On December 18, 2008, the William J. Clinton Foundation released a list of all contributors. It included Stephen L. Bing, who gave between US$10–25 million.

On August 5, 2009, a 737 private aircraft owned by Bing and based at Hollywood Burbank Airport in Southern California, was utilized in the return of American reporters Laura Ling and Euna Lee who had spent 5 months of a 12-year sentence in North Korea. Former President Bill Clinton was instrumental in their return and accompanied the reporters back to the United States. Bing reportedly covered the whole cost of the flight, estimated to be around $200,000.

==Personal life==
===Lisa Bonder ===

In 2001, Bing sued billionaire Kirk Kerkorian for invasion of privacy. Bing alleged that convicted criminal and private investigator Anthony Pellicano took Bing's dental floss out of his trash to collect his DNA. At the time, Kerkorian was in a legal fight with his former wife Lisa Bonder, a former professional tennis player, over the amount of child support he would pay, with the billionaire reportedly suspecting Bing (a previous boyfriend) to be the biological father of Bonder's daughter Kira. After Bing was proven by DNA testing to be the father of Bonder's child, Bing and Kerkorian settled their dispute out of court.

===Elizabeth Hurley ===
Bing had a relationship with Elizabeth Hurley, which resulted in a pregnancy. Bing urged Hurley to have an abortion, but Hurley refused. Bing denied paternity by alleging that he and Hurley had a brief, non-exclusive relationship in 2001. However, a DNA test established Bing as the child's father. Hurley gave birth to Damian Charles Hurley on April 4, 2002. Hugh Grant is Damian's godfather.

===Anthony Pellicano===

The paternity of Bonder's daughter was revealed by Anthony Pellicano, a private investigator (and wiretapper) hired by Kerkorian's lawyer, who was also a "friend" to Bing. According to an FBI summary, Pellicano sometimes played Hollywood clients against each other, at one point asking financier (and Bing friend) Ron Burkle for a $100,000 to $250,000 shakedown in order not to be investigated by Michael Ovitz, another Pellicano client. In a twist to the case, The New York Times reported payments of $335,000 by Bing to Pellicano between June 2000 and August 2002.
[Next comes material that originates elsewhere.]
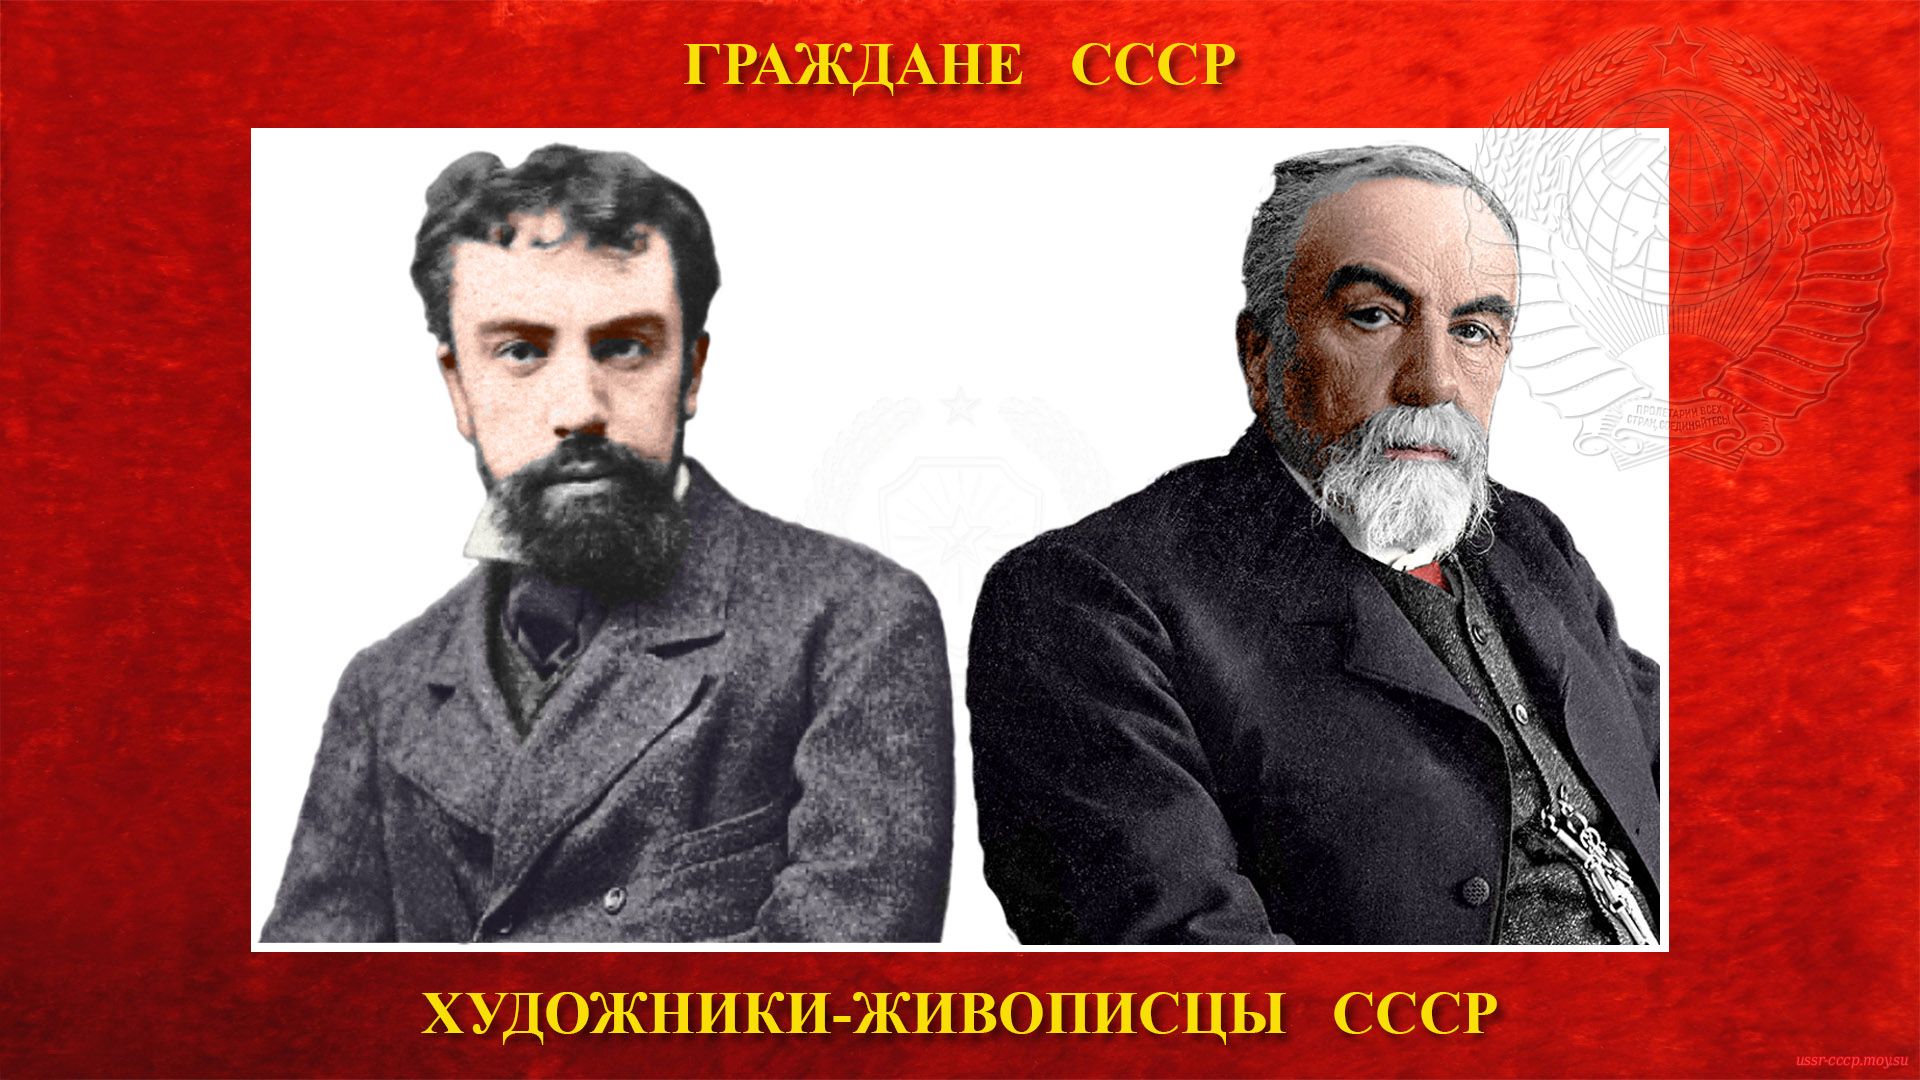 Поленов Василий Дмитриевич (биография)

According to excerpts of recorded calls, Pellicano bragged to Kerkorian's lawyer in April and May 2002 that he was "working for" and "consulting for" Bing in matters related to Elizabeth Hurley and her son's disputed paternity, which was then in the news. Martin Singer, a lawyer for Bing, called Pellicano's statement regarding Hurley "an absolute lie." (Daily Mail reportedly paid a "substantial" settlement to Bing in 2003 after Pellicano's sworn statement that he had "never been engaged by Mr. Bing nor his attorney Mr. Martin Singer to investigate anyone on Mr. Bing's behalf, including Ms. Hurley.") Following two trials in 2008, in which Bing did not testify, Pellicano was convicted of 78 counts of wiretapping, racketeering, wire fraud, and conspiracy. Pellicano was sentenced to 15 years in prison and ordered, with Terry N. Christensen, to forfeit $2 million.

==Philanthropy==
In April 2012, Bing committed to join The Giving Pledge, set up by Bill Gates and Warren Buffett, willingly donating the majority of his wealth to charity.

==Death==
Bing died by suicide on June 22, 2020, at the age of 55 by jumping from his condominium on the 27th floor of the Ten Thousand building at 10000 Santa Monica Boulevard in the Century City neighborhood of Los Angeles. He had been depressed about lack of human contact during the coronavirus quarantine. While this was suggested by his friends to be the reason for his suicide, the true reason remains unknown.

With a past linked to drug addiction, including the recent loss of a close girlfriend due to overdose, a history of failed investments in the film industry and failed relationships with both lovers and his own estranged children, at the time of his death, he was worth $300,000 in liquid assets having spent almost all of the $600 million he had inherited.